The Shoulder

Rotator Cuff Tear

Injury or fatigue of the rotator cuff muscles can lead to poor control of the humeral head and wear of the supraspinatus against the acromion.  This is appreciated as pain over the outside of the shoulder through an arc when the arm is loaded away from the body.  Repetitive use of the arm at and above chest height is a common cause.

Where this wear of the rotator cuff is ongoing, pain tends to wax and wane in proportion to load.  Eventually it is possible to wear a hole in the tendon. This is known as a rotator cuff tear. Less commonly, a violent injury may cause a rotator cuff tear in a normal tendon but usually a less violent injury aggravates an existing tear.

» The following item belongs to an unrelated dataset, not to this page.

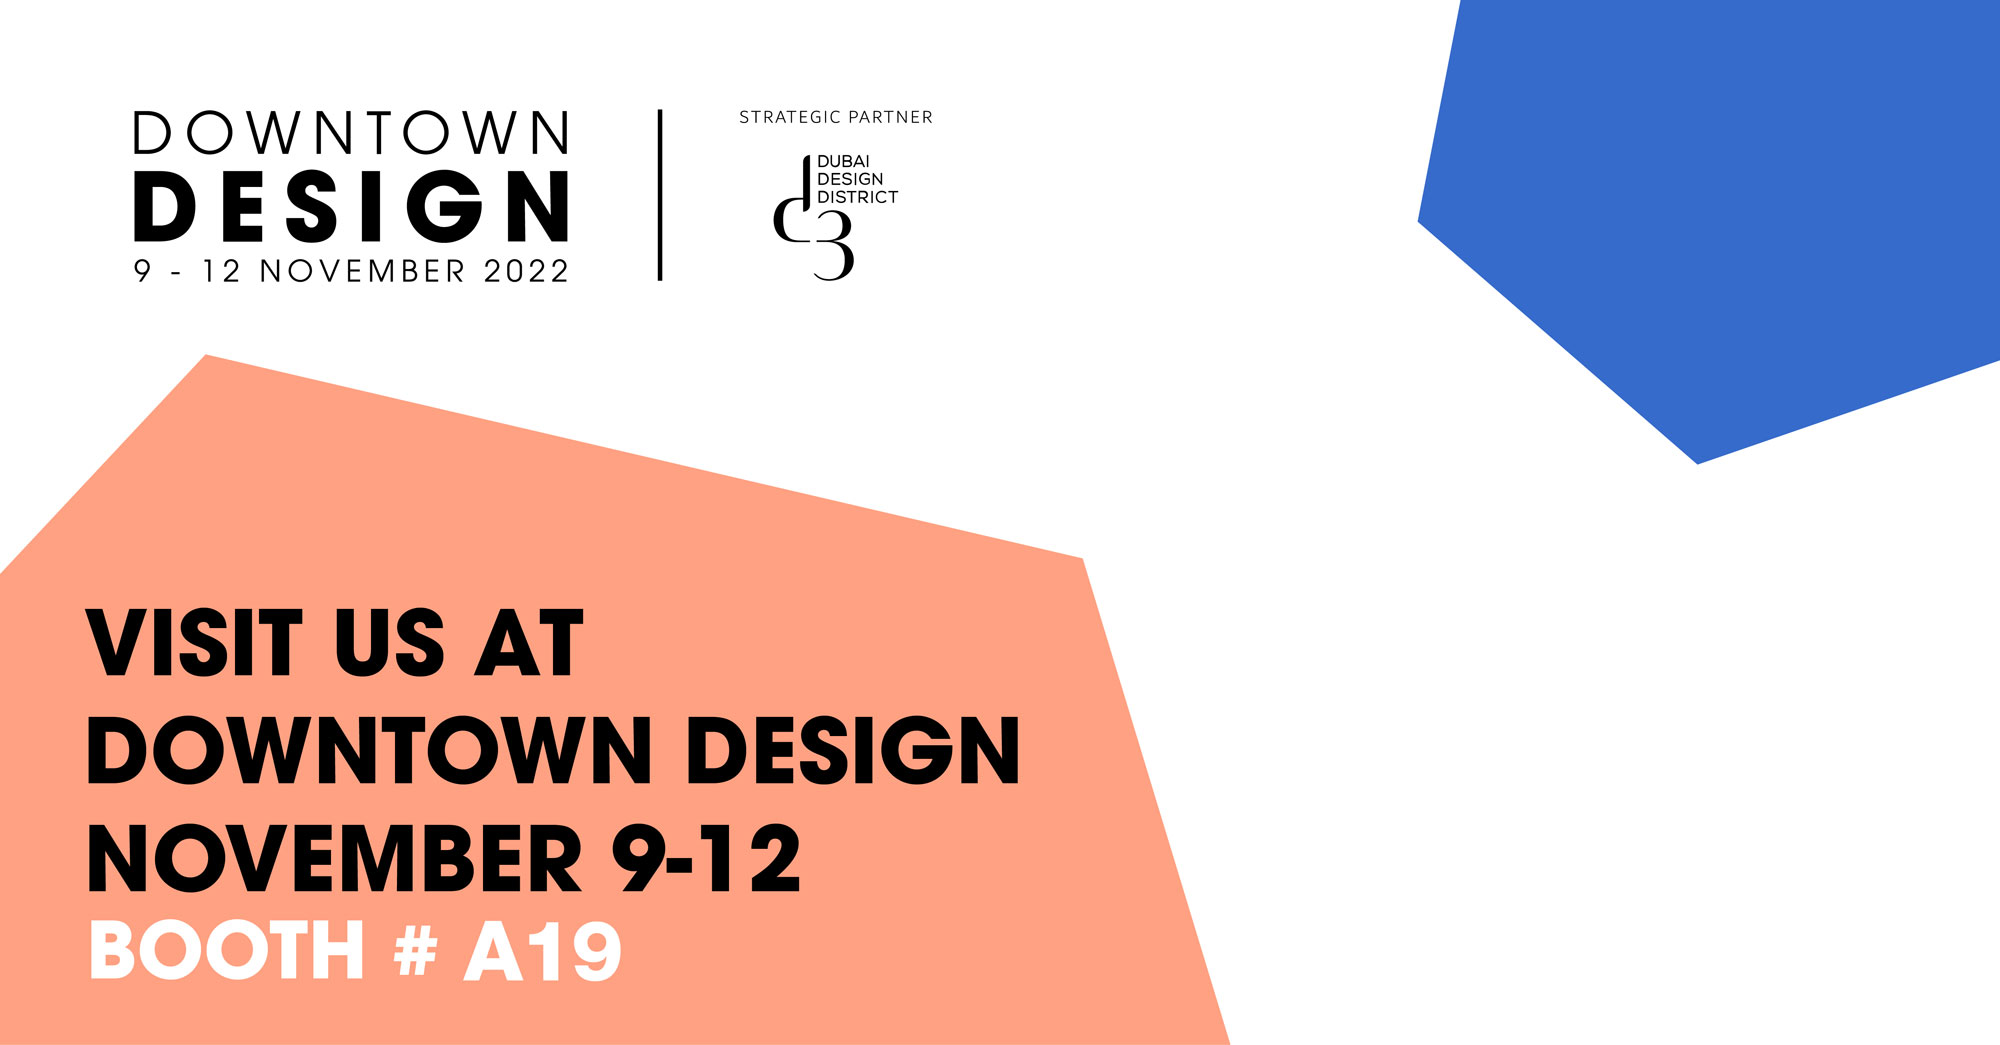 iGuzzini between history and contemporaneity at Downtown Design in Dubai

The pain from a rotator cuff tear and impingement syndrome are similar.  Where the tear becomes very large, there may be a specific weakness, however typically the presentation is with a painful arc and night pain.

The conservative management of rotator cuff tear is possible because usually a large proportion of the rotator cuff remains intact and this may compensate for the loss of the torn segment.  Therefore, selective strengthening of those remaining fibres may allow the shoulder to re-gain control and restore good function.  With the passage of time however, the rotator cuff tear will increase in size.

If your pain or poor function is severe, your surgeon may recommend surgery.